• **EXERCISE INSTRUCTIONS**
Reproduce precisely the lines of the listing below, starting with the line that contains "Heavy luggage shipping in Pilani" and stopping after the line that contains "NEW Alice Hirose"; include nothing else.

• **SOURCE MATERIAL**

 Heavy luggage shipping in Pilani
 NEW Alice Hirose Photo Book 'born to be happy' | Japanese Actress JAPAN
...
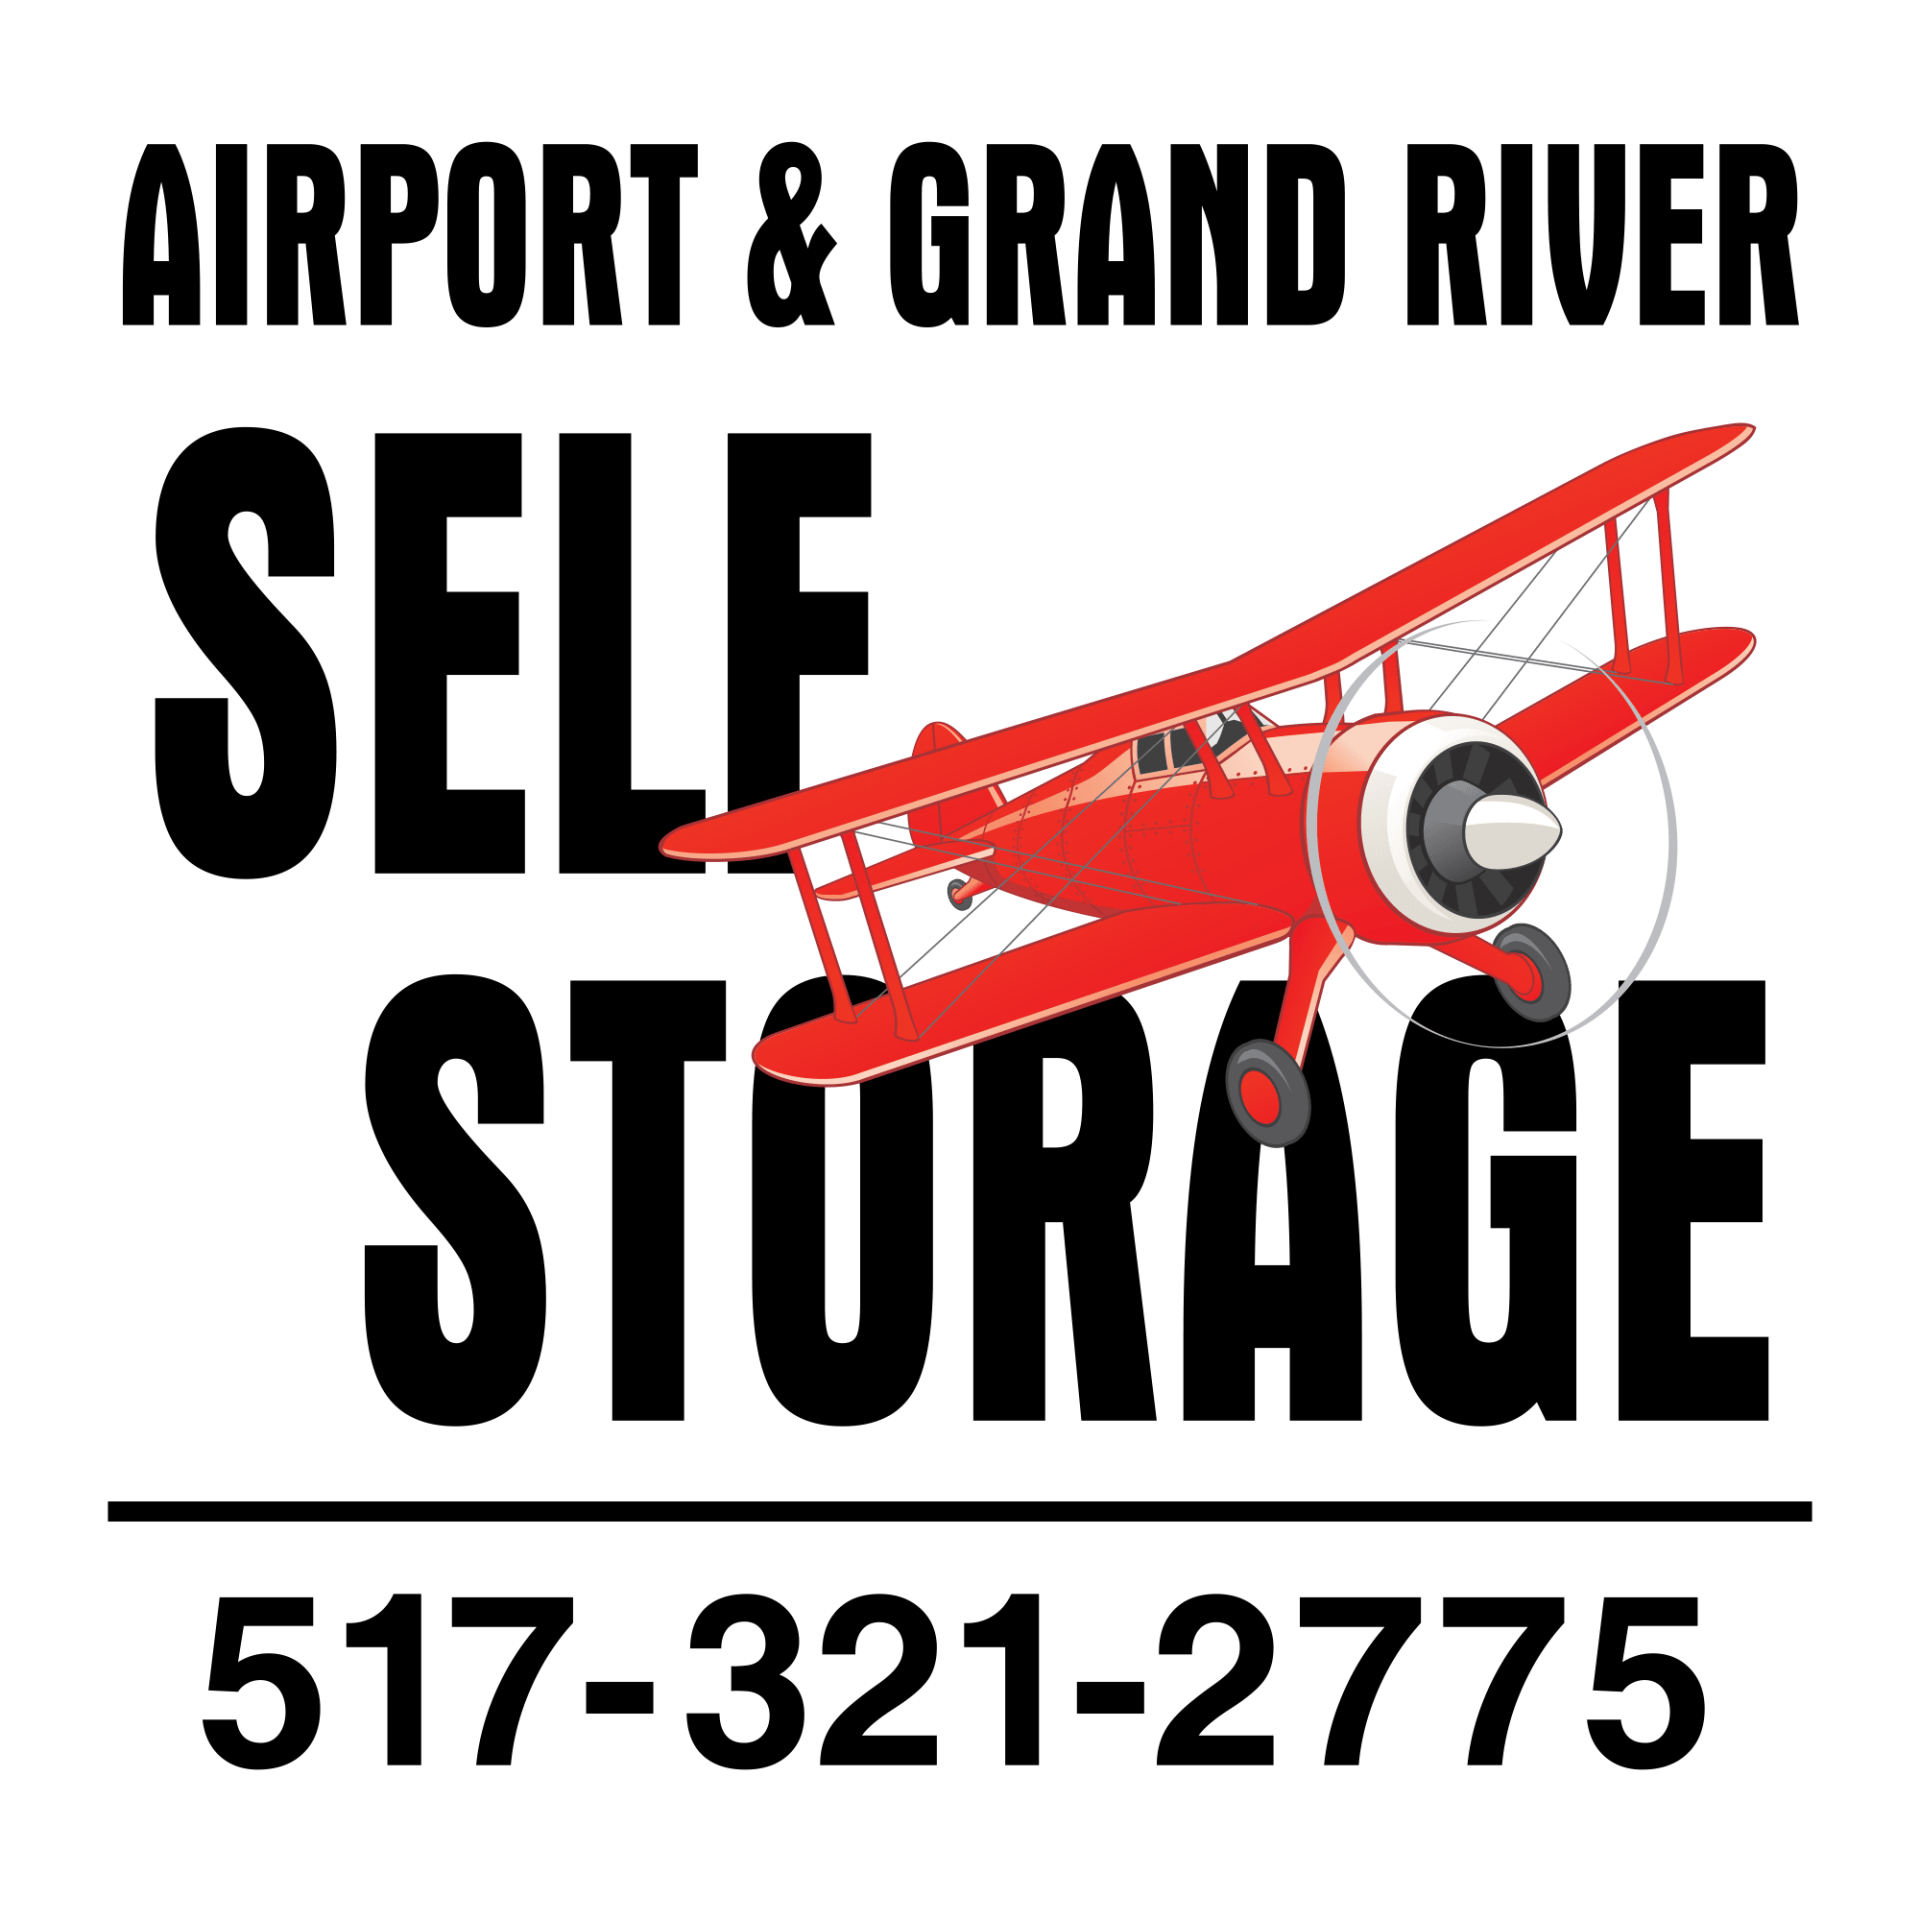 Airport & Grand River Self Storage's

• **ANSWER BOX**
 Heavy luggage shipping in Pilani
 NEW Alice Hirose Photo Book 'born to be happy' | Japanese Actress JAPAN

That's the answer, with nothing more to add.